Allowing parents in Llanegenech to choose

This column appeared in the Llanelli Herald on 16 December 2016


Next week Councillors on Carmarthenshire ruling Cabinet will make a decision about turning Llanegenech primary and infants into a Welsh medium school.

The Plaid-run Council say this is necessary to achieve the Welsh Government’s target of doubling the number of Welsh speakers by 2050.

The Welsh Government envisages schools moving along a ‘language continuum’ so that English-medium schools become dual-stream schools, and dual-stream schools become Welsh medium ones.  As a first step Carmarthenshire are putting the emphasis on converting all the dual-stream schools in the county into Welsh-medium schools.

Whilst doing this may make it easier to hit targets, it does nothing to address the quality of Welsh language education for the overwhelming majority of pupils in the County. The Council don’t seem to have plans for increasing the skills and capacity of English-medium schools to enable all children to have access to high quality Welsh language teaching.

Instead, I believe the Council should be placing the greatest emphasis on the other end of the language continuum.
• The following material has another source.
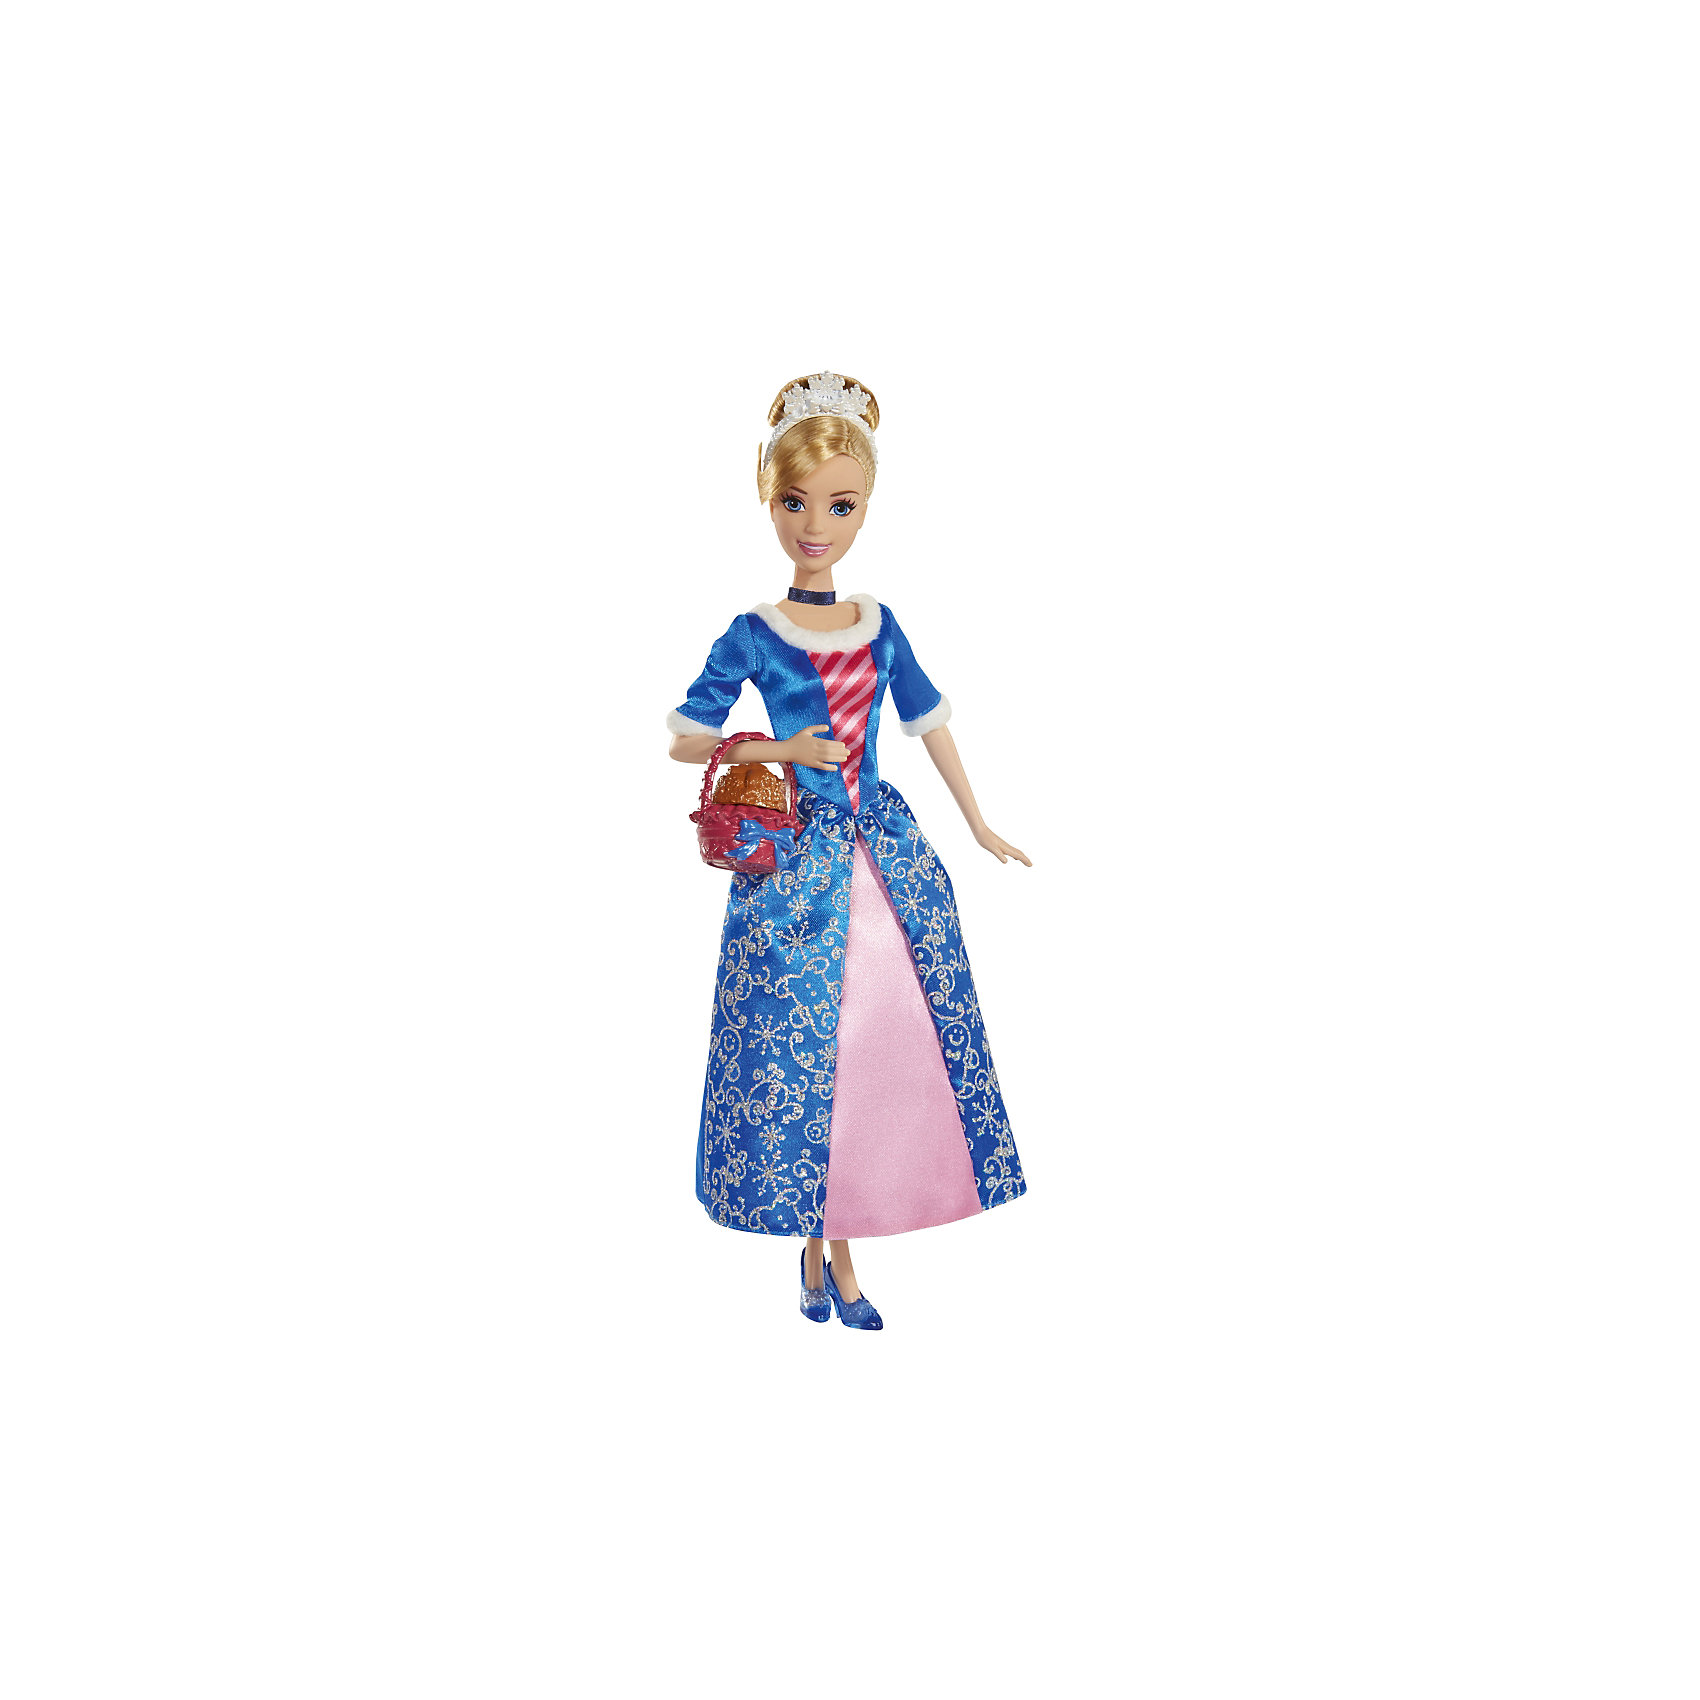 Кукла Золушка со сладостями, Принцессы ДиснейИгрушки<br>Кукла Золушка, Disney Princess (Принцесса Диснея) – это принцесса Золушка с корзиной ароматного имбирного печенья.<br>Милая добрая Золушка героиня одноименной сказки станет прекрасным подарком для малышки. Любимая не одним поколением детей во всем мире Золушка как всегда безупречна и красива. На Золушке — светло-голубое платье, юбка которого украшена серебряными узорами. Верхняя часть платья и рукава обшиты мехом. На голове у куклы высокая прическа из светлых волос и диадема. На ногах - изящные туфли на каблуках. Золушка порадует девочку ароматным игрушечным печеньем, которое пахнет как настоящее лакомство. Печенье находится в красивой корзиночке. У куклы двигаются руки, ноги, поворачивается голова. Ваша малышка с удовольствием будет играть с этой куколкой, проигрывая сюжеты из мультфильма или придумывая различные истории.<br><br>Дополнительная информация:<br><br>- В комплекте: кукла, корзиночка с печеньем<br>- Материал: высококачественный пластик, текстиль<br>- Рост куклы: 28 см.<br>- Размер упаковки: 32,5 х 15 х 5,5 см.<br>- Вес: 237 гр.<br><br>Куклу Золушка, Disney Princess (Принцесса Диснея) можно купить в нашем интернет-магазине.<br><br>Ширина мм: 15<br>Глубина мм: 5<br>Высота мм: 32<br>Вес г: 237<br>Возраст от месяцев: 36<br>Возраст до месяцев: 144<br>Пол: Женский<br>Возраст: Детский<br>SKU: 4026502

In urban areas where there are a range of schools to choose from, the creation of new Welsh language provision extends choice. However, the conversion of a village school into a Welsh medium one prevents families from being able to choose how their children are educated, and risks creating social and cultural divisions.  

Llangennech has been a successful model of community cohesion where children from different language backgrounds have been educated side by side. Families who do not want a Welsh medium education for their children will be forced to travel outside the village. And the sense of community which has built up around the school risks being undermined; friendship groups will be disrupted, and child care arrangements will be complicated - these are all hard to measure but will all be affected by this change.
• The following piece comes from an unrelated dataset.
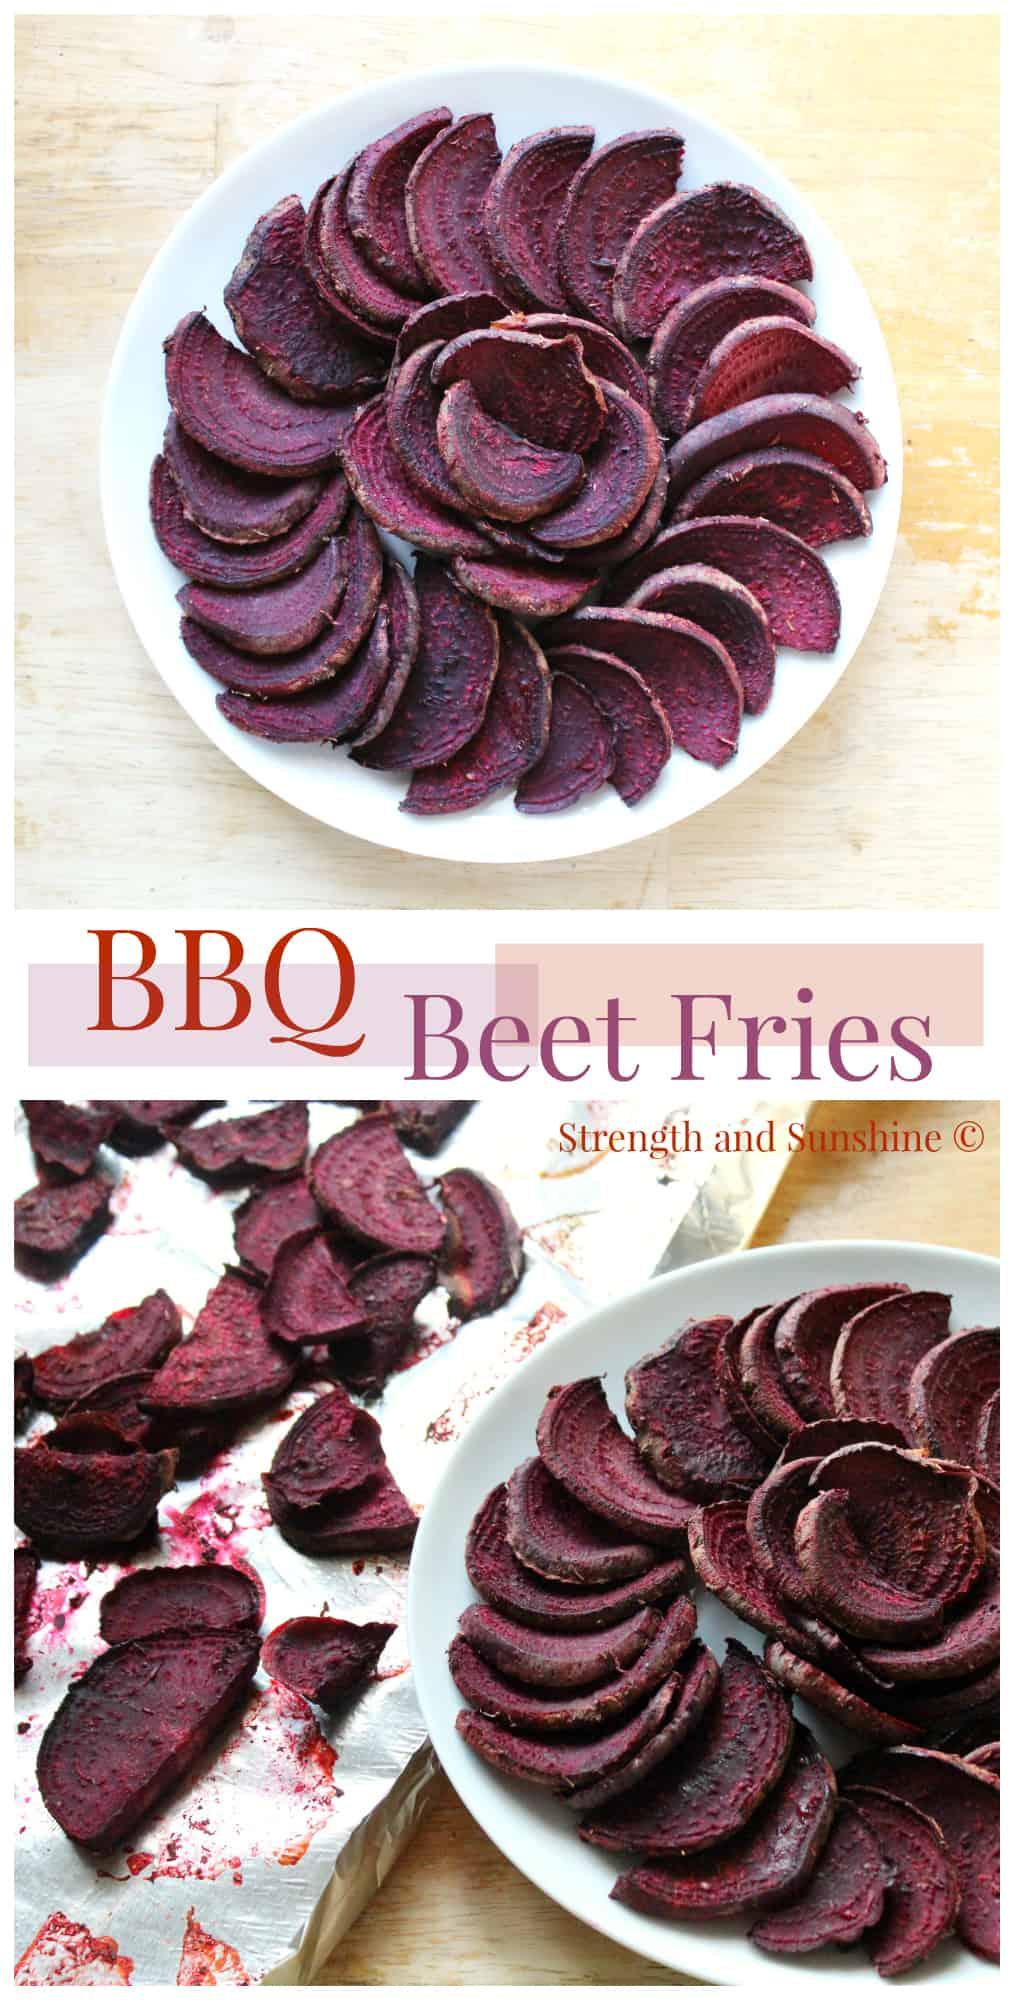 BBQ-Beet-Fries-PM

There are wider issues too. To walk to the nearest alternative school in Hendy, for example, would involve crossing a Motorway junction. This is clearly not practical and would therefore involve an additional car journey at a time of peak congestion - going directly against the sustainability and public health duties of the Council.

The debate over the future of the language has been marked by decades of consensus and goodwill about its growth. The handling of the issue in Llangennech has been insensitive and underlines the danger of not taking communities with us in our efforts to safeguard its future.
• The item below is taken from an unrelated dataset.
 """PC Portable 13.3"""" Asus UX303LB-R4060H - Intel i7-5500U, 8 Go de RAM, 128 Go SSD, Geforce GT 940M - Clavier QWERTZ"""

I would urge Councillors to think again


Comments

J. Jones said…
Page 120 of UCL analysis of Welsh speaking pupil's performance in PISA:-

"37. The key message to be taken from Figure 6.7 is that differences in these
background characteristics cannot explain the achievement gap between pupils who
completed the test in English versus Welsh. In fact, differences in average PISA
science and reading scores between pupils who completed the test in English and
Welsh actually increase somewhat (and reach statistical significance at the five per
cent level) after such background characteristics have been taken into account. For
instance, the difference between pupils who took the PISA test in English versus
Welsh stands at 25 test points in science (significant at the five per cent level), 30
points in reading (significant at the five per cent level) and 8 points in mathematics
(insignificant at the five per cent level) after these characteristics have been taken
into account. This further strengthens the evidence that pupils who took the PISA
test in Welsh achieve lower average scores than those who completed the test in
English (at least in the science and reading domains)."

That is what you, Lee, and Labour are driving us towards. 30 points on the PISA scale is equivalent to one whole year of schooling...what a triumph, what a tragedy that the Welsh government will inflict this on children just for ideological reasons. Disgrace.